Your task is to repeat, word for word, the line containing "Anthony Hope Blaue" and all lines that follow it to the end of the material, and no other lines.

----------------

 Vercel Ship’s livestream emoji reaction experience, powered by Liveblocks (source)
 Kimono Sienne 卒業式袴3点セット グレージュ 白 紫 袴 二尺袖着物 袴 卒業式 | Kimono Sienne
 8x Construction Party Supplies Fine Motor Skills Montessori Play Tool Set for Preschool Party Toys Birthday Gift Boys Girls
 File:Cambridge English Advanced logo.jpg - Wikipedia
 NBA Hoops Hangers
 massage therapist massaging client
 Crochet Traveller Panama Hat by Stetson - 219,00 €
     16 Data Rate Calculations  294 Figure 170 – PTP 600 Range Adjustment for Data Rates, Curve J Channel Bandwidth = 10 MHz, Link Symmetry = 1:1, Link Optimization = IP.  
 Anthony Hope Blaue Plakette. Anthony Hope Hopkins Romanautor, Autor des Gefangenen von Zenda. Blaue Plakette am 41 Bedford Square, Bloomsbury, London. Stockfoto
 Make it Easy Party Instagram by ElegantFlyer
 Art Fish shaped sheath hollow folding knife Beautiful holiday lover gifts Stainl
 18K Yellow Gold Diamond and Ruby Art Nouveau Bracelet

----------------

— Result for this task —
 Anthony Hope Blaue Plakette. Anthony Hope Hopkins Romanautor, Autor des Gefangenen von Zenda. Blaue Plakette am 41 Bedford Square, Bloomsbury, London. Stockfoto
 Make it Easy Party Instagram by ElegantFlyer
 Art Fish shaped sheath hollow folding knife Beautiful holiday lover gifts Stainl
 18K Yellow Gold Diamond and Ruby Art Nouveau Bracelet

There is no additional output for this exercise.